%% 闲鱼号/面包多:深度学习与智能算法
function [model, b, X, Y] = trainlssvm(model, X, Y)
%% 训练模型
% >> model = trainlssvm(model)
% type can be 'classifier' or 'function estimation' (these strings
% can be abbreviated into 'c' or 'f', respectively). X and Y are
% matrices holding the training input and output data. The i-th
% data point is represented by the i-th row X(i,:) and Y(i,:). gam
% is the regularization parameter: for gam low minimizing of the
% complexity of the model is emphasized, for gam high, good fitting
% of the training data points is stressed. kernel_par is the
% parameter of the kernel; in the common case of an RBF kernel, a
% large sig2 indicates a stronger smoothing. The kernel_type
% indicates the function that is called to compute the kernel value
% (by default RBF_kernel). Other kernels can be used for example:
%
% The kernel parameter(s) are passed as a row vector, in the case
% no kernel parameter is needed, pass the empty vector!
%
% The training can either be proceeded by the preprocessing
% function ('preprocess') (by default) or not ('original'). The
% training calls the preprocessing (prelssvm, postlssvm) and the
% encoder (codelssvm) if appropiate.
%
% In the remainder of the text, the content of the cell determining
% the LS-SVM is given by {X,Y, type, gam, sig2}. However, the
% additional arguments in this cell can always be added in the
% calls.
%
% If one uses the object oriented interface (see also A.3.14), the training is done by
%
% >> model = trainlssvm(model)
% >> model = trainlssvm(model, X, Y)
%
% The status of the model checks whether a retraining is
% needed.
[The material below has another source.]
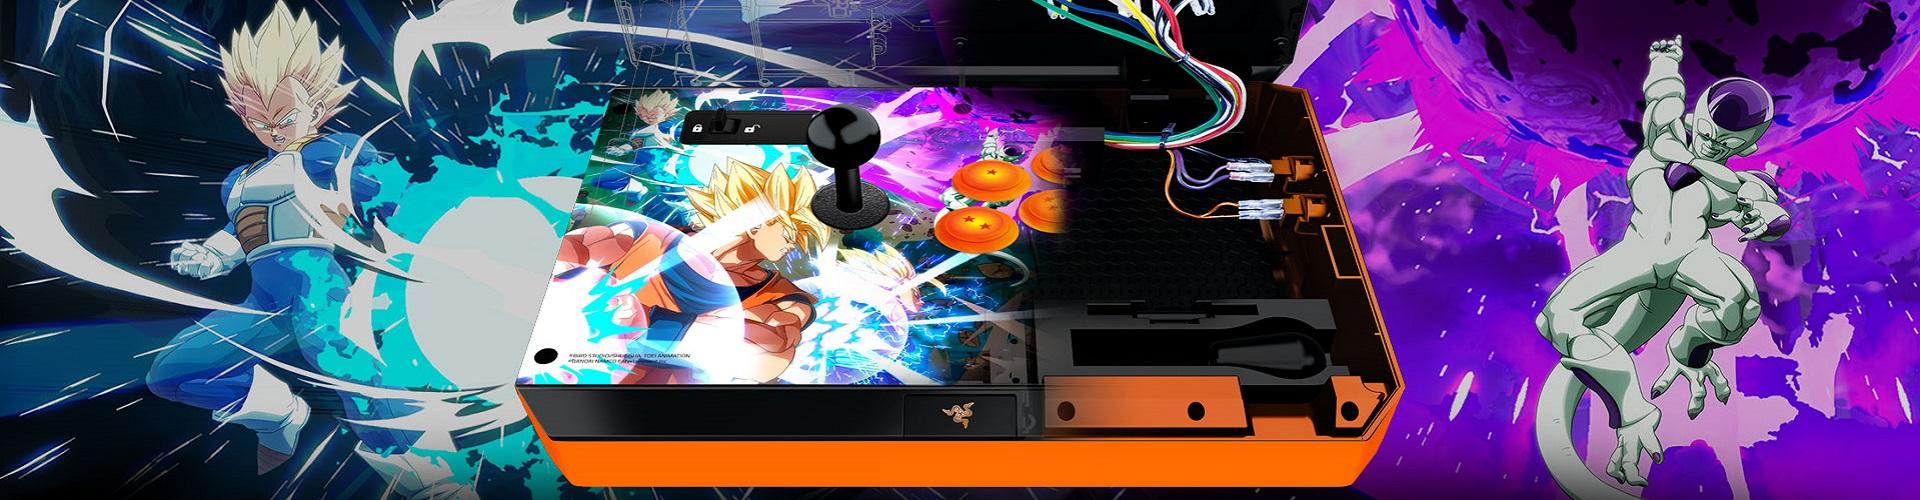 Razer Atrox Arcade Stick for Xbox One - Review - Xbox Tavern

The extra arguments X, Y allow to re-initialize the model
% with this new training data as long as its dimensions are the
% same as the old initiation.
%
% The training implementation:
%
% * The Matlab implementation: a straightforward implementation
% based on the matrix division '\' (lssvmMATLAB.m).
%
%
% This implementation allows to train a multidimensional output
% problem. If each output uses the same kernel type, kernel
% parameters and regularization parameter, this is
% straightforward. If not so, one can specify the different types
% and/or parameters as a row vector in the appropriate
% argument. Each dimension will be trained with the corresponding
% column in this vector.
% model = trainlssvm(model)
% model : Trained object oriented representation of the LS-SVM model
% model : Object oriented representation of the LS-SVM model
% X(*) : N x d matrix with the inputs of the training data
% Y(*) : N x 1 vector with the outputs of the training data
% type(*) : 'function estimation' ('f') or 'classifier' ('c')
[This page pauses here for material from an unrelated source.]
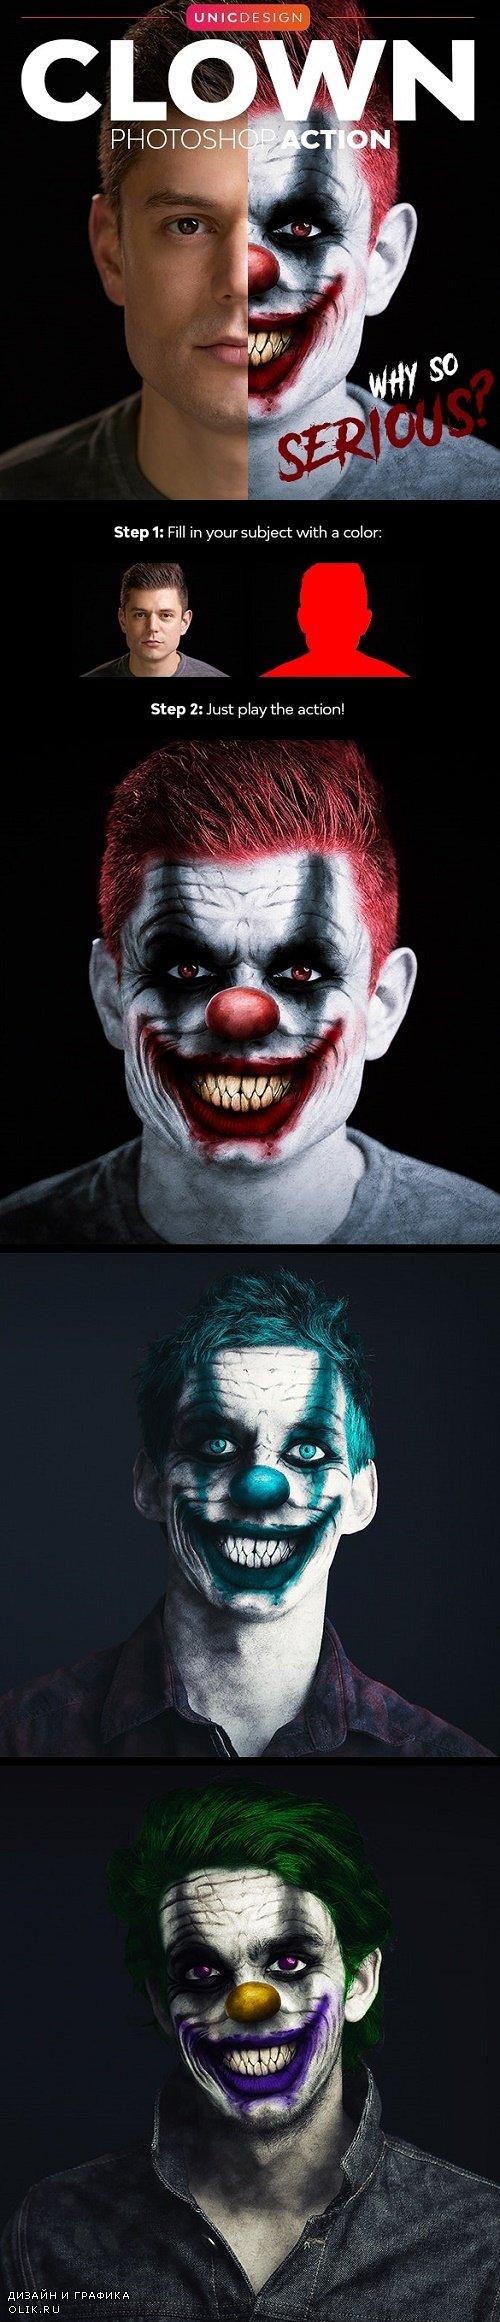 Clown Photoshop Action - 24789255

% gam(*) : Regularization parameter
% sig2(*) : Kernel parameter (bandwidth in the case of the 'RBF_kernel')
% kernel(*) : Kernel type (by default 'RBF_kernel')
% preprocess(*) : 'preprocess'(*) or 'original'
%% 初始化模型
if iscell(model)
model = initlssvm(model{:});
end
%% 判断模型训练状态
if model.status(1) == 't'
if (nargout > 1)
X = model.xtrain;
Y = model.ytrain;
b = model.b;
model = model.alpha;
end
return
end
%% 控制输入
if ~((strcmp(model.kernel_type, 'RBF_kernel') && length(model.kernel_pars) >= 1) ||...
(strcmp(model.kernel_type, 'lin_kernel') && length(model.kernel_pars) >= 0) ||...
(strcmp(model.kernel_type, 'MLP_kernel') && length(model.kernel_pars) >= 2) ||...
(strcmp(model.kernel_type, 'poly_kernel') && length(model.kernel_pars) >= 1))
elseif (model.steps <= 0)
error('steps must be larger then 0');
elseif (model.gam <= 0)
error('gamma must be larger then 0');
elseif or(model.x_dim <= 0, model.y_dim <= 0)
error('dimension of datapoints must be larger than 0');
end
%% 编码(分类才需要)
if model.code(1) == 'c'
model = codelssvm(model);
end
%% 赋值
try
if model.prestatus(1)=='c'
changed = 1;
else
changed = 0;
end
catch
changed = 0;
end
if model.preprocess(1) == 'p' && changed
model = prelssvm(model);
elseif model.preprocess(1) == 'o' && changed
model = postlssvm(model);
end
%% 计时开始
tic;
%% 执行方式
if size(model.gam, 1) > 1
model.implementation = 'MATLAB';
end
%% 递归调用输出维度预测
if model.y_dim > 1
if (length(model.kernel_pars) == model.y_dim || size(model.gam, ...
2) == model.y_dim || numel(model.kernel_type, 2) == model.y_dim)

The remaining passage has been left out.